Действительно, в 1939 году Александр Гладков был осужден на один год принудительных работ. Он обвинялся в краже книг из Библиотеки им. Ленина. Из письма дирекции указанной библиотеки в Московский профессиональный комитет драматургов: «2-го апреля 1939 г. читательница главного читального зала сообщила инспектору, что она заметила, как один из читателей спрятал под пиджак книгу, взяв ее из шкафа, находящегося в читальном зале для непосредственного использования книг читателями. Задержанный по ее указанию читатель оказался Александром Константиновичем Гладковым, журналистом по профессии. Гладков отрицал факт хищения, просил отпустить его, ссылаясь на срочные дела и по дороге в караульное помещение милиции пытался выбросить спрятанные у него книги. При обыске у Гладкова, под пиджаком, нашли три книги, принадлежащие библиотеке, и одну книгу, украденную ранее, лежавшую в кармане пальто с затертым штемпелем Библиотеки и надписью „А. Гладков“. При обыске в квартире, произведенным в тот же вечер 6 отделением милиции, было найдено еще 58 книг, принадлежащих Библиотеке Ленина и украденных Гладковым в течение последних месяцев, а также несколько книг из других библиотек. На следующее утро Гладков принес еще 7 книг Библиотеке им. Ленина. Все украденные им книги были взяты им из „открытого доступа“. Это были вовсе не „уникальные“ издания, как пишет корреспондент в газете „Правда“, а советские книги последних лет — русская и переводная беллетристики и книги по искусству. При задержании, например, у него были отобраны избранные сочинения Мериме и книги Хеммингуея (списка украденных книг не сохранилось)». Далее в этом письме называется дата судебного слушания по данному делу — 13 мая 1939 года, и приговор в виде одного года исправительно-трудовых работ.
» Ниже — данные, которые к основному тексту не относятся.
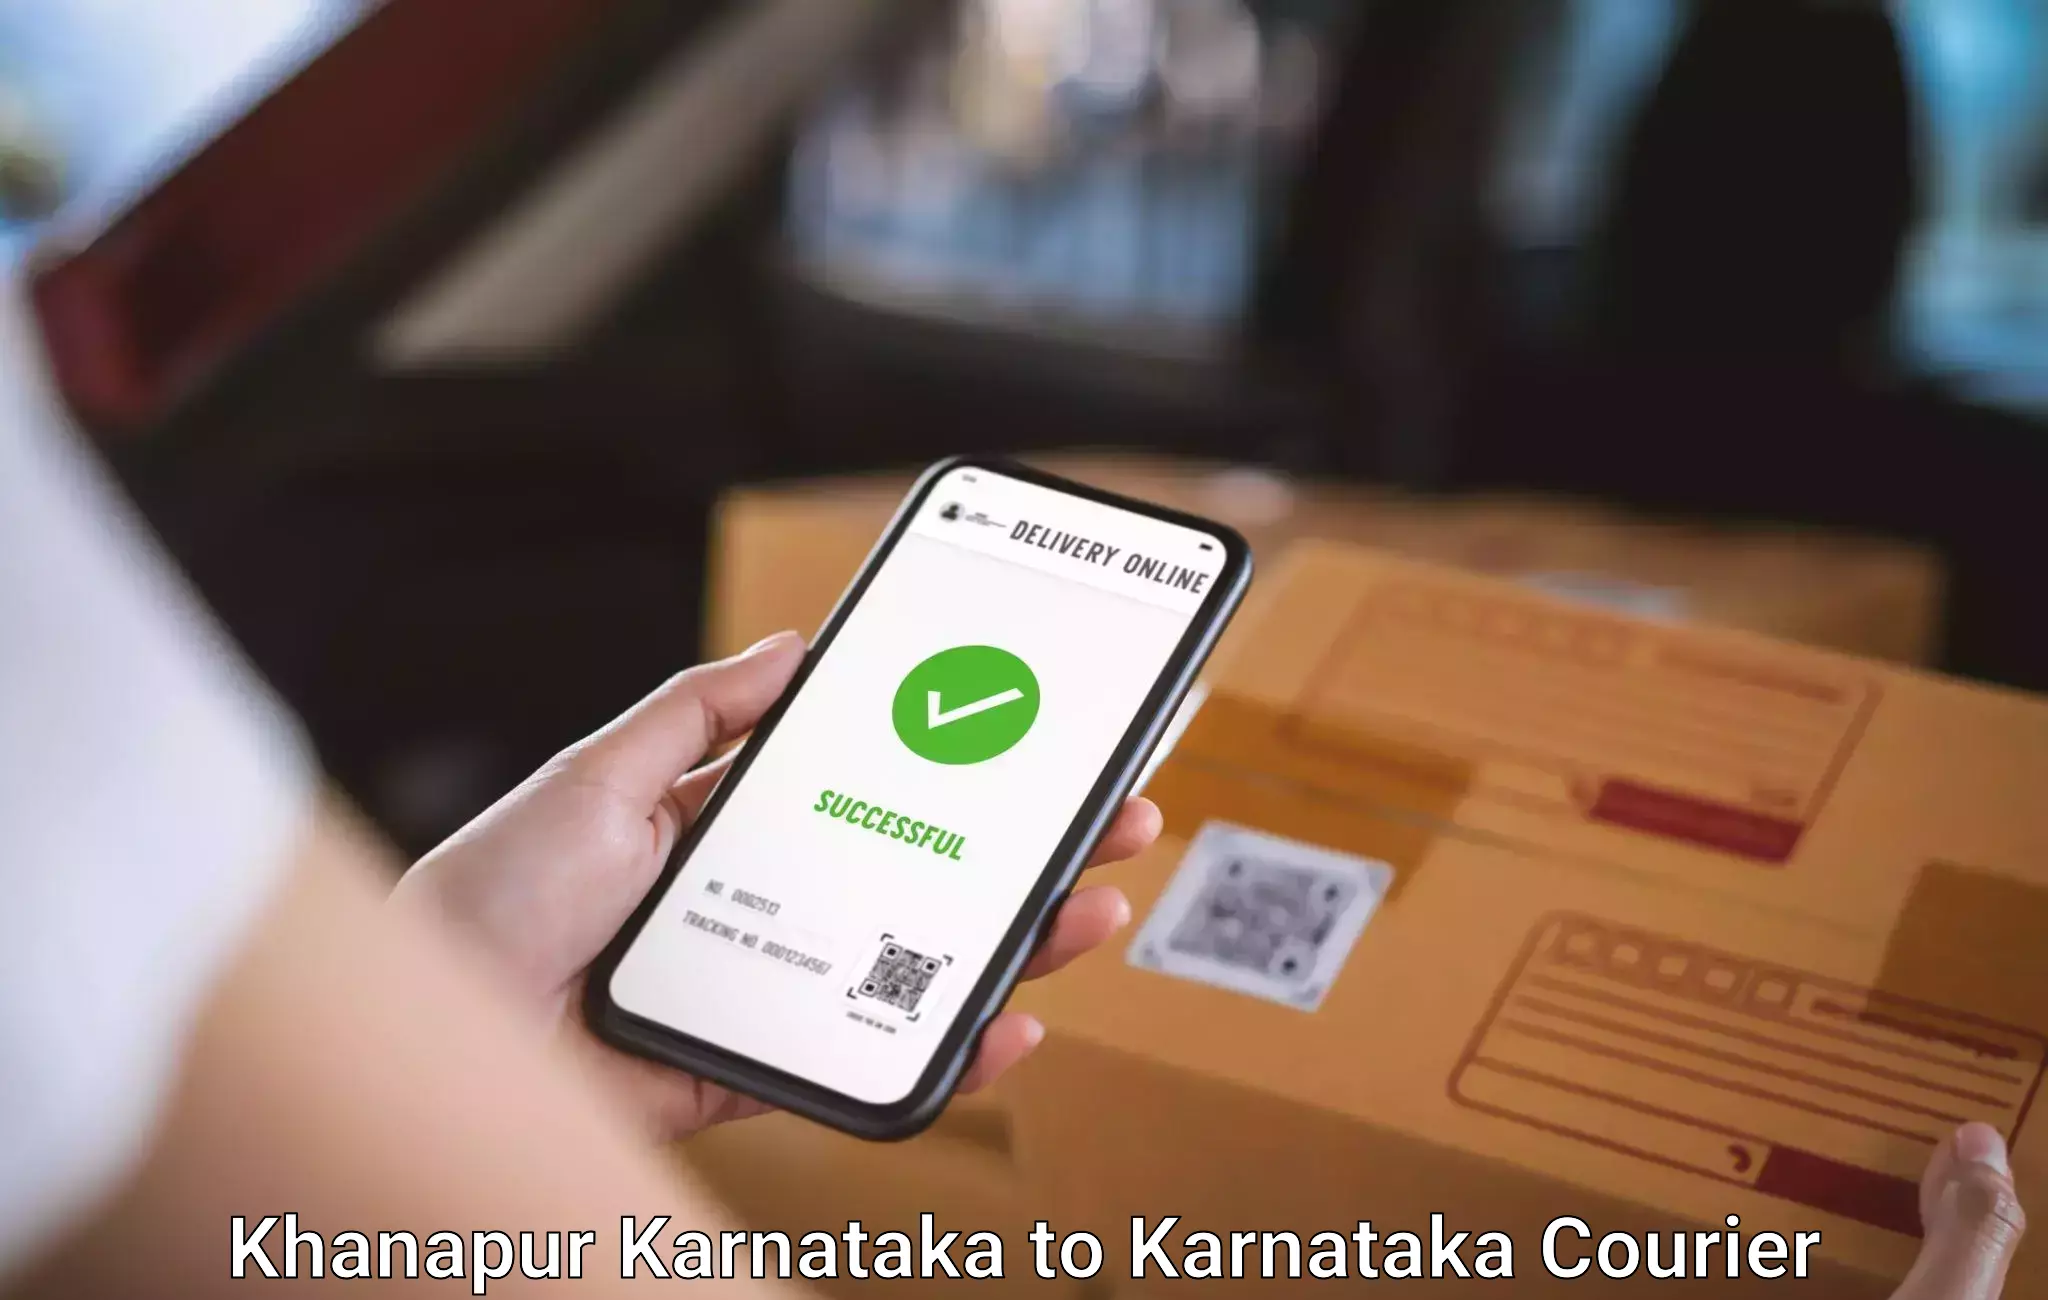 Baggage shipping service Khanapur Karnataka to Udupi
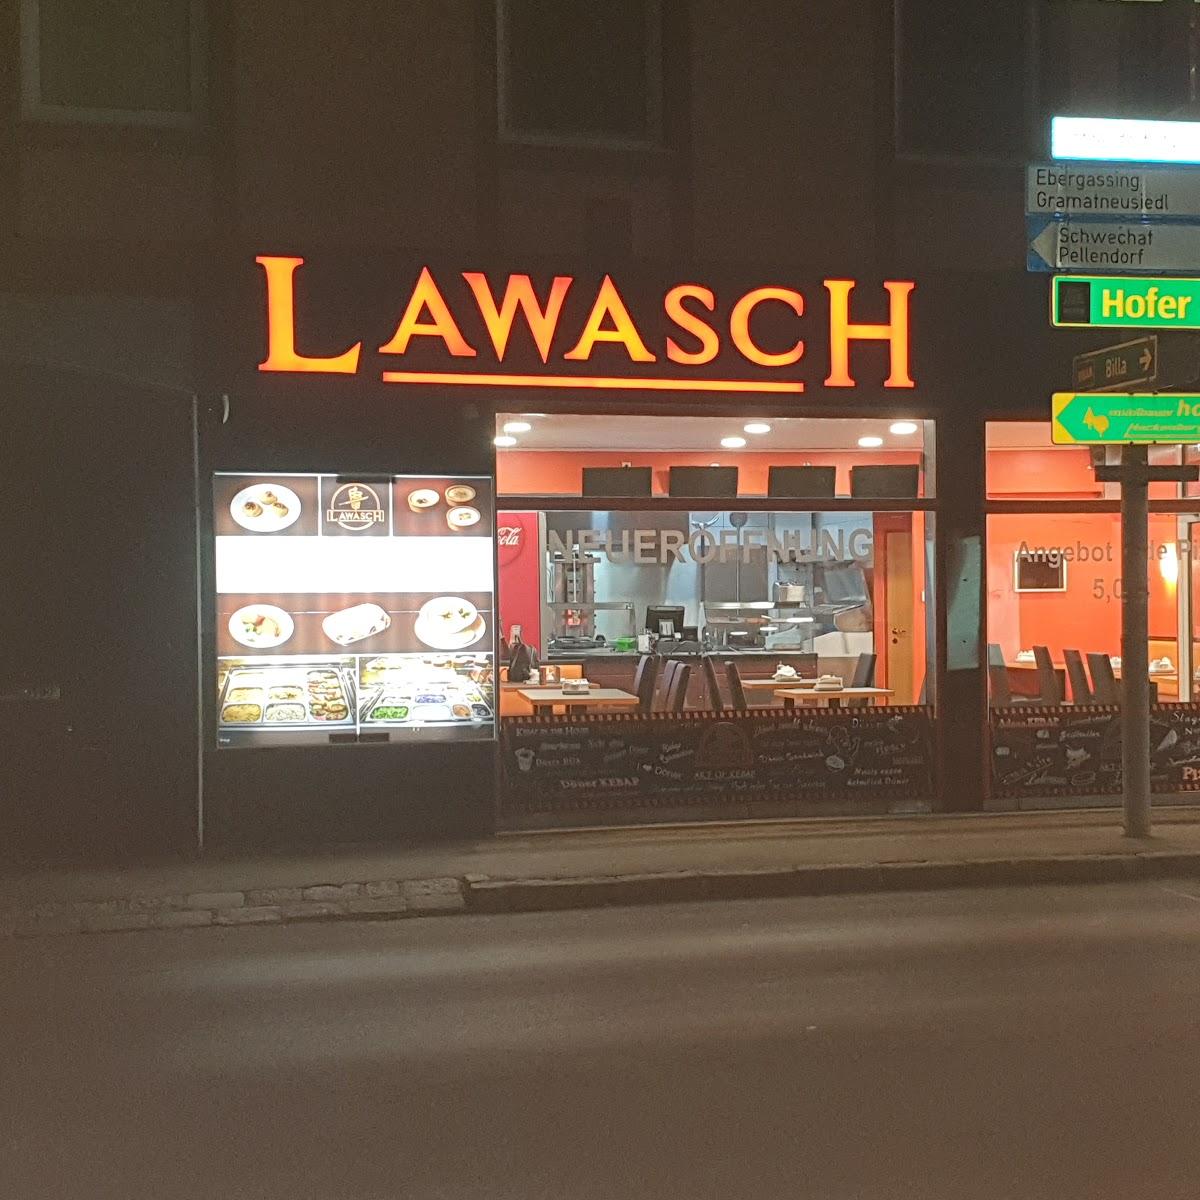 Restaurant "Lawasch" in Himberg bei Wien

Но неизвестно, отбывал ли свой первый срок Гладков. Во-первых, Исправительно-трудовой кодекс РСФСР 1933 г. предусматривал исправительно-трудовые работы и без лишения свободы осужденного. Во-вторых, срок вполне мог был заменен на условный. Несмотря на то, что дело происходило в печально известные в отечественной истории годы, кража — это не «политическая» статья. Кроме того, могли быть учтены и мотивы правонарушения. В своем обращении к директору библиотеки Гладков писал: «Может быть больше всего на свете я люблю книги. Поэтому мне сейчас так больно ощущать свою вину… Сначала я взял несколько новинок, которые не мог купить в магазинах (казалось это единственный способ приобрести их) нужных мне для работы и справок. Потом — увлекся и — вот… Почти два года назад я стал заниматься журналистикой только настолько чтобы прокормиться; все силы и все время отдавая одной капитальной литературной работе, которую делал тоже с помощью Ленинской библиотеки. Эта работа вся моя жизнь, ибо, повторяю, больше всего я люблю книги, а это моя первая настоящая книга… Весь материал собран — еще три-четыре месяца работы и она готова… Единственное чем я мог бы загладить свою вину… это скромным желанием поставить на библиотечные полки еще одну быть может нужную и полезную книгу… Повторяю, я брал книги не с корыстными целями, в других отношениях меня вором никто назвать не может…».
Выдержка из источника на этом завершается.